EventStream.data.visualize module

class EventStream.data.visualize.Visualizer(subset_size: int | None = None, subset_random_seed: int | None = None, static_covariates: list[str] = <factory>, plot_by_time: bool = True, time_unit: str | None = '1y', plot_by_age: bool = False, age_col: str | None = None, dob_col: str | None = None, n_age_buckets: int | None = 200)[source]

Bases: JSONableMixin

A visualization configuration and plotting class.

This class helps visualize Dataset objects. It is both a configuration object and performs the actual data manipulations for final visualization, interfacing only with the Dataset object to obtain appropriately sampled and processed cuts of the data to visualize. It currently produces the following plots.

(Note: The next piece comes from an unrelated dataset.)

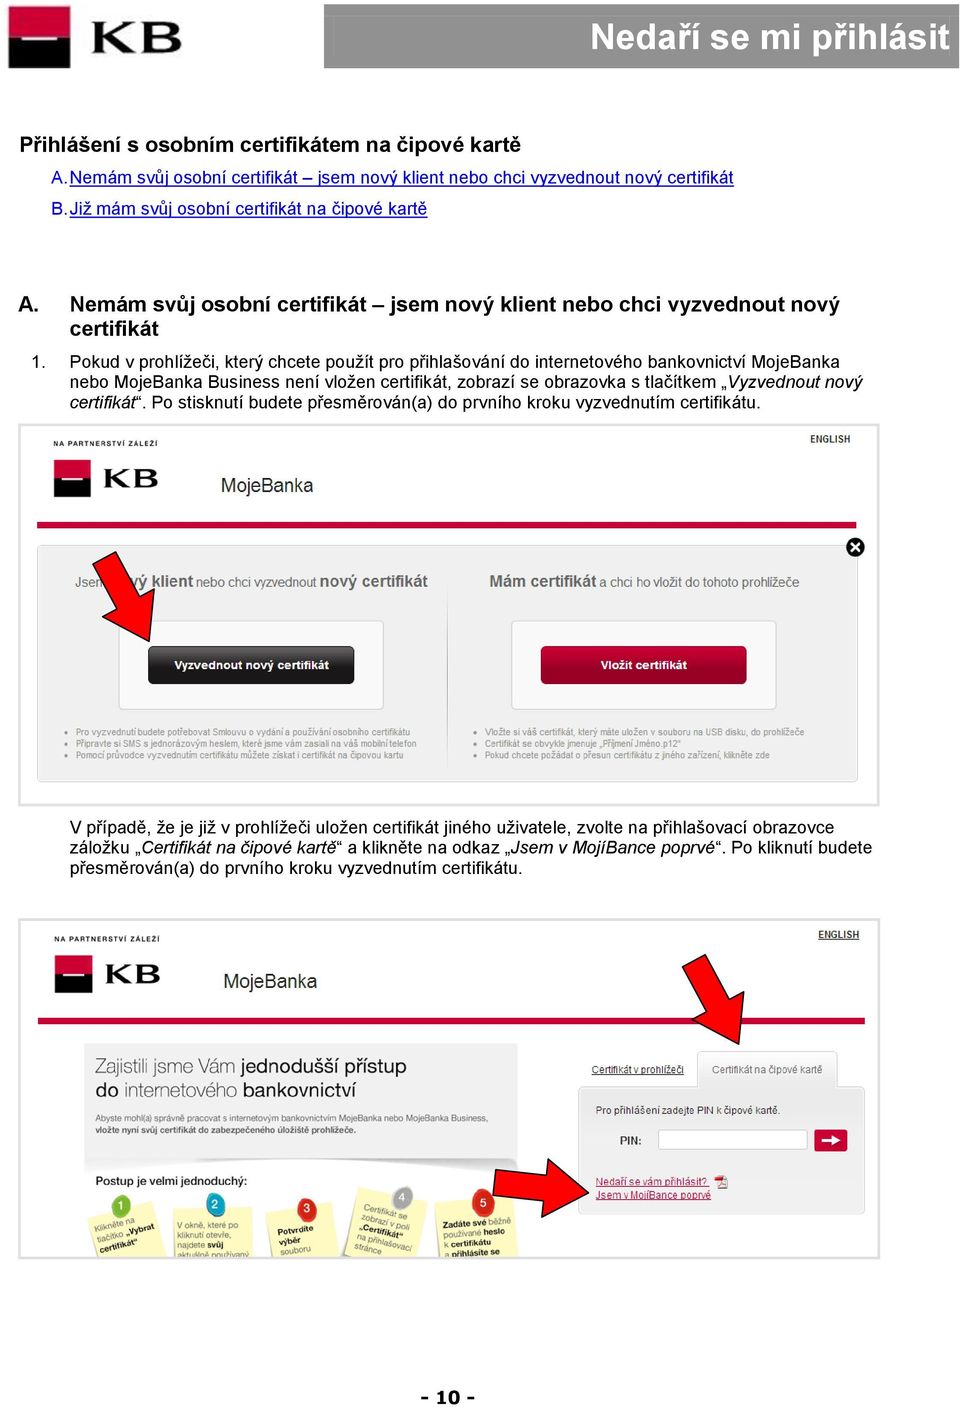 Pokud v prohlížeči, který chcete použít pro přihlašování do internetového bankovnictví MojeBanka nebo MojeBanka Business není vložen certifikát, zobrazí se obrazovka s tlačítkem Vyzvednout nový

All plots are broken down by static_covariates, which are covariates that are constant for each subject.

## Analyzing the data over time (only produced if plot_by_time is True) Given an $x$-axis of time $t$, the following plots are produced:

  • “Active Subjects”: $y$ = the number of active subjects at time $x$ (i.e. the number of subjects who have at least one event before $t$ and have not yet had their last event at $t$).

  • “Cumulative Subjects”: $y$ = the number of cumulative subjects at time $t$ (i.e., the number of subjects who have at least one event before $t$).

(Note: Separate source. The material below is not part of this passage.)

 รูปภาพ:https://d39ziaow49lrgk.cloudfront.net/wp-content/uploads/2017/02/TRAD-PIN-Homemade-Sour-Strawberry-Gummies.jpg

  • “Cumulative Events”: $y$ = the number of events the dataset would obtain were it to be terminated at time $t$.

  • “Events / Subject”: $y$ = the average number of events per subject as would be observed were the dataset to be terminated at time $t$.

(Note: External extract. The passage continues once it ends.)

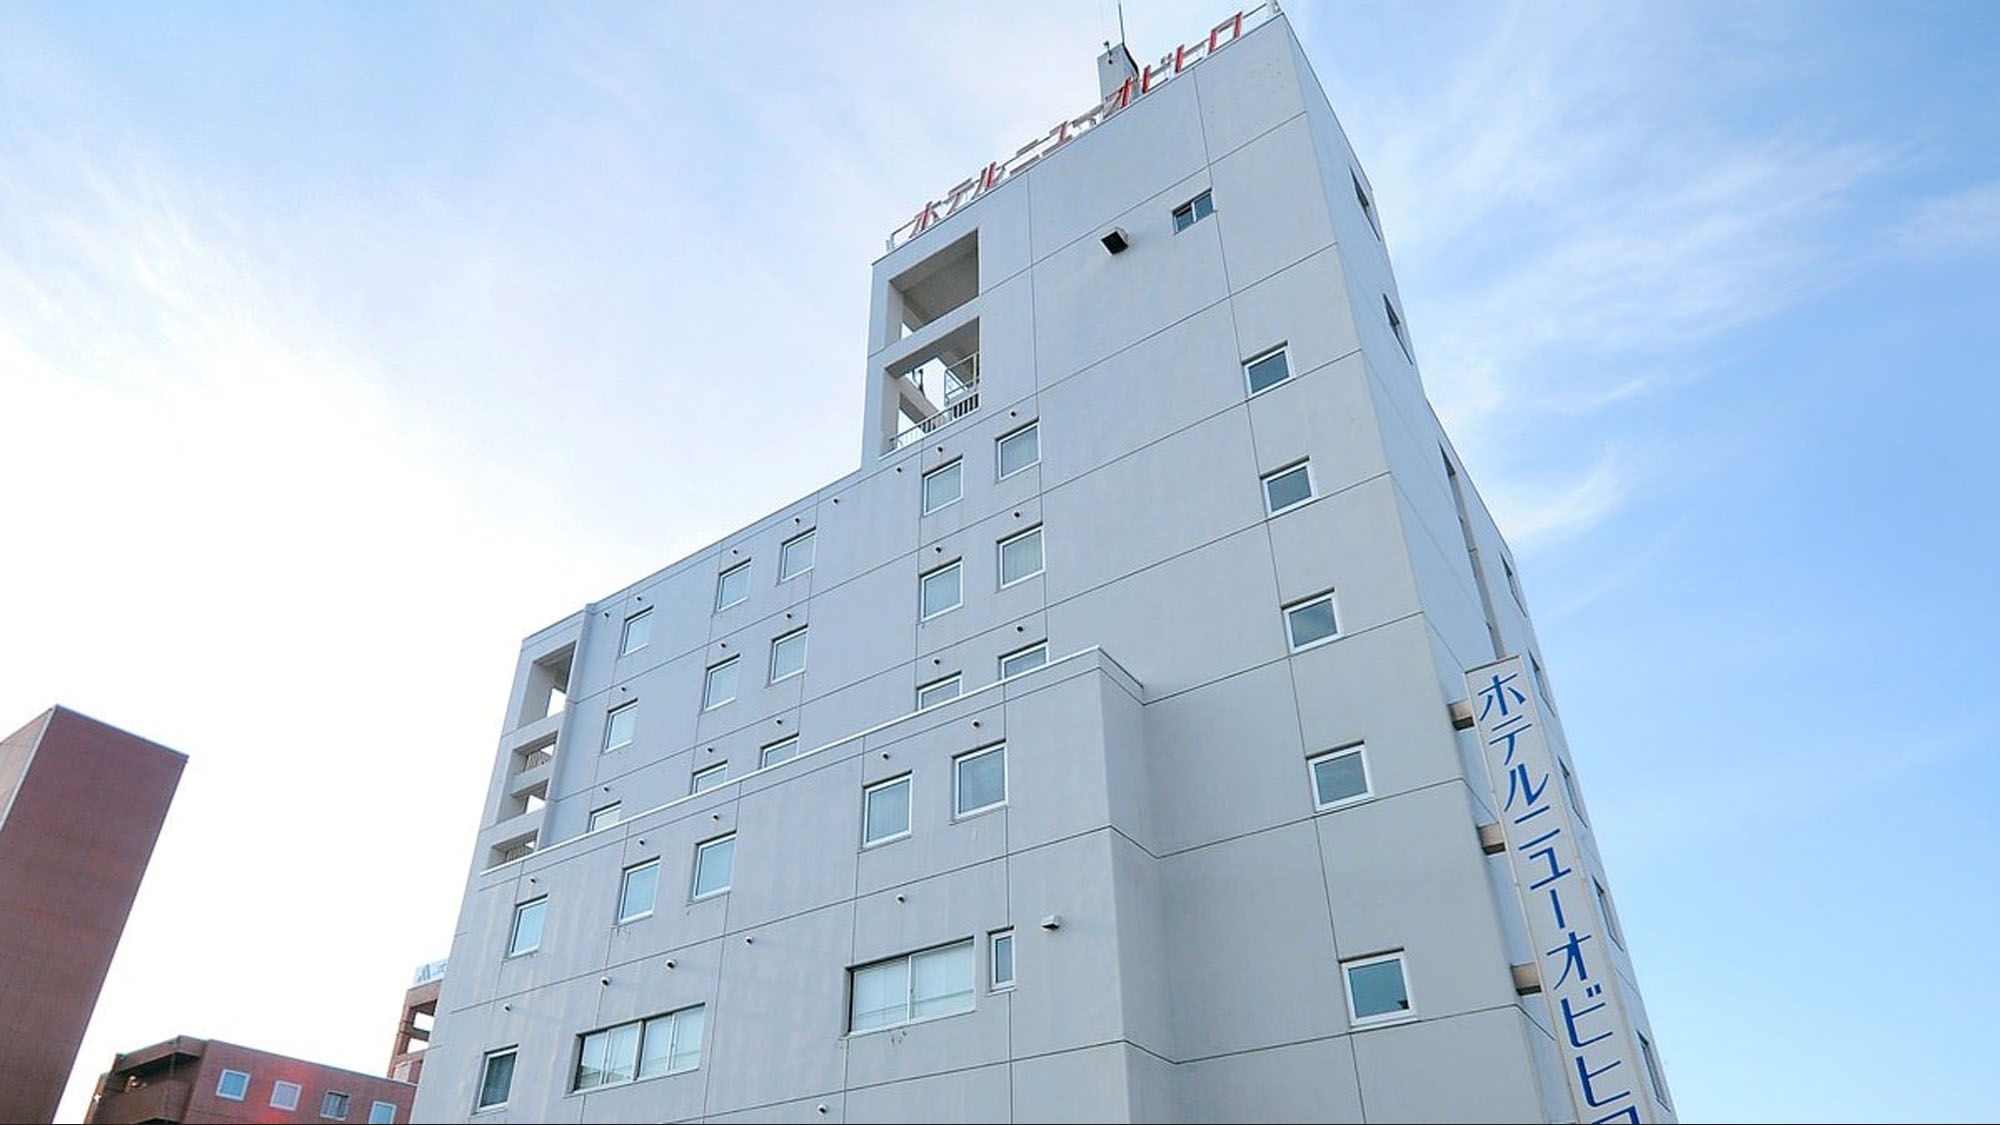 Hotel New Obihiro

  • “Events / (Subject, Time)”: $y$ = the average rate of events per unit time per subject at time $t$

  • “Age Distribution over Time”: A 2D Density Heatmap plot showing the distributions of the ages of active subjects in the dataset at time $t$. Only produced if age_col is specified. Age is binned into n_age_buckets buckets.

## Analyzing the data over age (only produced if plot_by_age is True) Given an $x$-axis of age bucket $a$, the following plots are produced:

  • “Cumulative Subjects”: $y$ = the number of subjects in the dataset who have an event in the age bucket $a$.

  • “Cumulative Events”: $y$ = the number of events included in the dataset that occur at an age up to or before $a$.

  • “Events / Subject”: $y$ = the average number of events per subject that occur when the subject is at age bucket $a$.

subset_size

When plotting, use an IID random subsample (over subjects) of the input dataset of this size. This makes plotting much faster, and is statistically unbiased, though can increase variance.

Type:

int | None

subset_random_seed

If subsampling the raw data, use this random seed to control that subsampling.

Type:

int | None

static_covariates

When plotting, split plots by these static covariates.

Type:

list[str]

plot_by_time

If True, also plot how the dataset changes over time.

Type:

bool

time_unit

If plot_by_time is True, aggregate timepoints into buckets of this size.

Type:

str | None

plot_by_age

If True, plot how datasret characteristics evolve with subject age.

Type:

bool

age_col

The column in the Dataset’s events_df where age is stored. This should typically be the name of the measurement employing the AgeFunctor time dependent functor object, unless age is pre-computed in the dataset.

Type:

str | None

dob_col

This is used to compute ages of subjects at inferred timepoints created dynamically during plotting. This string should point to the date of birth (in datetime format) within the subjects dataframe.

Type:

str | None

n_age_buckets

If plot_by_age is True, this controls how many buckets ages are discretized into to limit plot granularity.

Type:

int | None

Raises:

ValueError – If * subset_size is specified but subset_random_seed is not. * plot_by_age is True, but age_col or n_age_buckets is None * age_col is specified but dob_col is not * plot_by_time is True, but time_unit is None

Examples

>>> V = Visualizer()
>>> V = Visualizer(
...     subset_size=100, subset_random_seed=1,
...     plot_by_age=True, age_col='age', dob_col='dob', n_age_buckets=100,
...     plot_by_time=True, time_unit='1y',
... )
>>> V = Visualizer(subset_size=100)
Traceback (most recent call last):
    ...
ValueError: subset_size is specified, but subset_random_seed is not!
>>> V = Visualizer(plot_by_age=True, age_col='age', n_age_buckets=None)
Traceback (most recent call last):
    ...
ValueError: plot_by_age is True, but n_age_buckets is unspecified!
>>> V = Visualizer(age_col='age')
Traceback (most recent call last):
    ...
ValueError: age_col is specified, but dob_col is not!
>>> V = Visualizer(plot_by_time=True, time_unit=None)
Traceback (most recent call last):
    ...
ValueError: plot_by_time is True, but time_unit is unspecified!
age_col : str | None = None
dob_col : str | None = None
n_age_buckets : int | None = 200
plot(subjects_df: DataFrame, events_df: DataFrame, dynamic_measurements_df: DataFrame) list[Figure][source]
plot_by_age : bool = False
plot_by_time : bool = True
plot_counts_over_age(events_df: DataFrame) list[Figure][source]
plot_counts_over_time(in_events_df: DataFrame) list[Figure][source]
plot_events_per_patient(events_df: DataFrame) list[Figure][source]
plot_static_variables_breakdown(static_variables: DataFrame) list[Figure][source]
static_covariates : list[str]
subset_random_seed : int | None = None
subset_size : int | None = None
time_unit : str | None = '1y'